Fed’s Powell says economy on firmer footing, QT end in view

NEW YORK (Reuters) -The U.S. labor market remained mired in its low-hiring, low-firing doldrums through September, though the economy overall “may be on a somewhat firmer trajectory than expected,” Federal Reserve Chair Jerome Powell said on Tuesday.
He noted that at policymakers will take a “meeting-by-meeting” approach to any further interest rate cuts as they balance job market weakness with the fact that inflation remains well above their 2% target.
Powell also said the end of the central bank’s long-running effort to shrink the size of its holdings, widely known as quantitative tightening, or QT, may be coming into view.
His comments came from the text of a speech prepared for delivery before a gathering held by National Association for Business Economics in Philadelphia.
MARKET REACTION:
STOCKS: U.S. stocks were mixed, with the Dow and S&P 500 up on the day, while the Nasdaq was down.
BONDS: U.S. Treasury yields extended their fall, with the yield on the benchmark 10-year note slipping to 4.03% and the two-year note down at 4.1%.
FOREX: The dollar index extended losses, now down 0.3% at 99.03.
COMMENTS:
STEVE SOSNICK, CHIEF STRATEGIST, INTERACTIVE BROKERS, GREENWICH, CONNECTICUT:
“The reason for the sell-off overnight was concerns about the trade war re-accelerating between the US and China. But the markets decided that this isn’t really a problem, at least in the short term.”

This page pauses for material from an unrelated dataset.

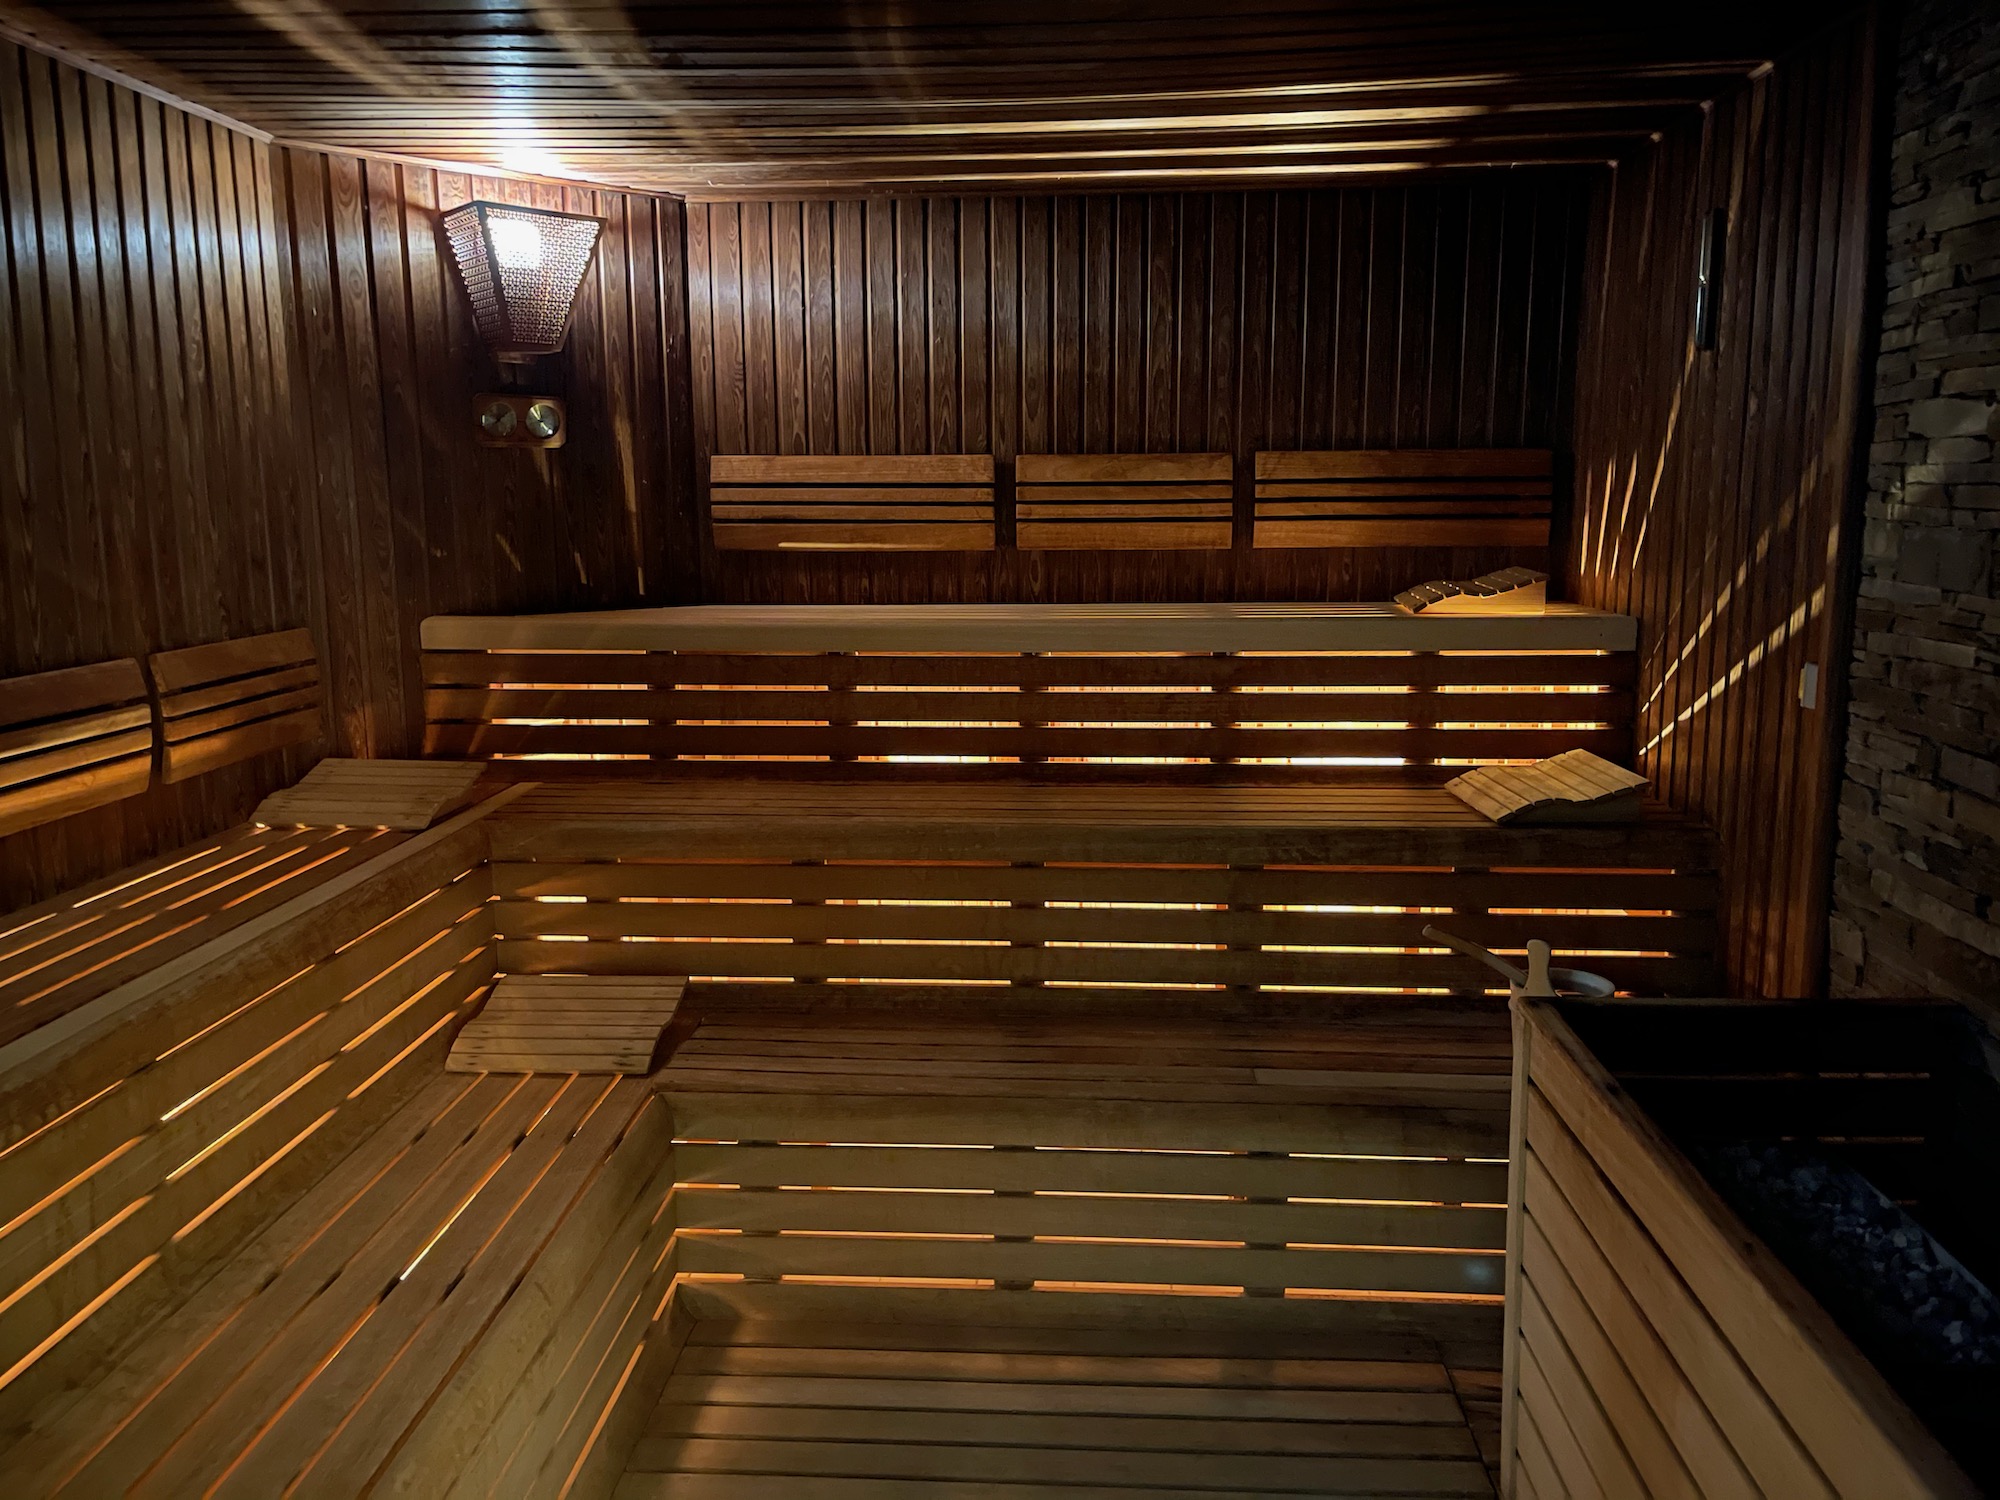 inside a wooden sauna

“The market was going up anyway. We were down 10 points before he started speaking so this is just the cherry on top of the cake on today’s rally … but the bulk of the move was unrelated to his comments.”
ADAM SARHAN, CHIEF EXECUTIVE, 50 PARK INVESTMENTS, NEW YORK: “The fact is the (stock) market was extended. It pulled back to support technically, which is the 50-day moving average… and bounced off of it.”
“The Fed said nothing has changed. Even if (trade) tensions escalate… the Fed is still going to cut rates with the stock market at all-time highs. So, fundamentally, we have a tremendous tailwind coming into effect in the near future.”
PETER CARDILLO, CHIEF MARKET ECONOMIST, SPARTAN CAPITAL SECURITIES, NEW YORK:
“I don’t think (Powell) is changing his tune whatsoever. He’s saying that the economy is on solid footing, but he’s also saying we have weakness. What he’s doing is he’s preparing the markets for a series of rate cuts, but not necessarily in a sequential order.”
“He’s saying is he’ll cut (interest rates) by 25 basis points at the end of this month then they’ll assess the situation. And if the labor market continues to weaken and actually loses jobs, then he might be setting us up for a jumbo cut of 50 basis points in December.”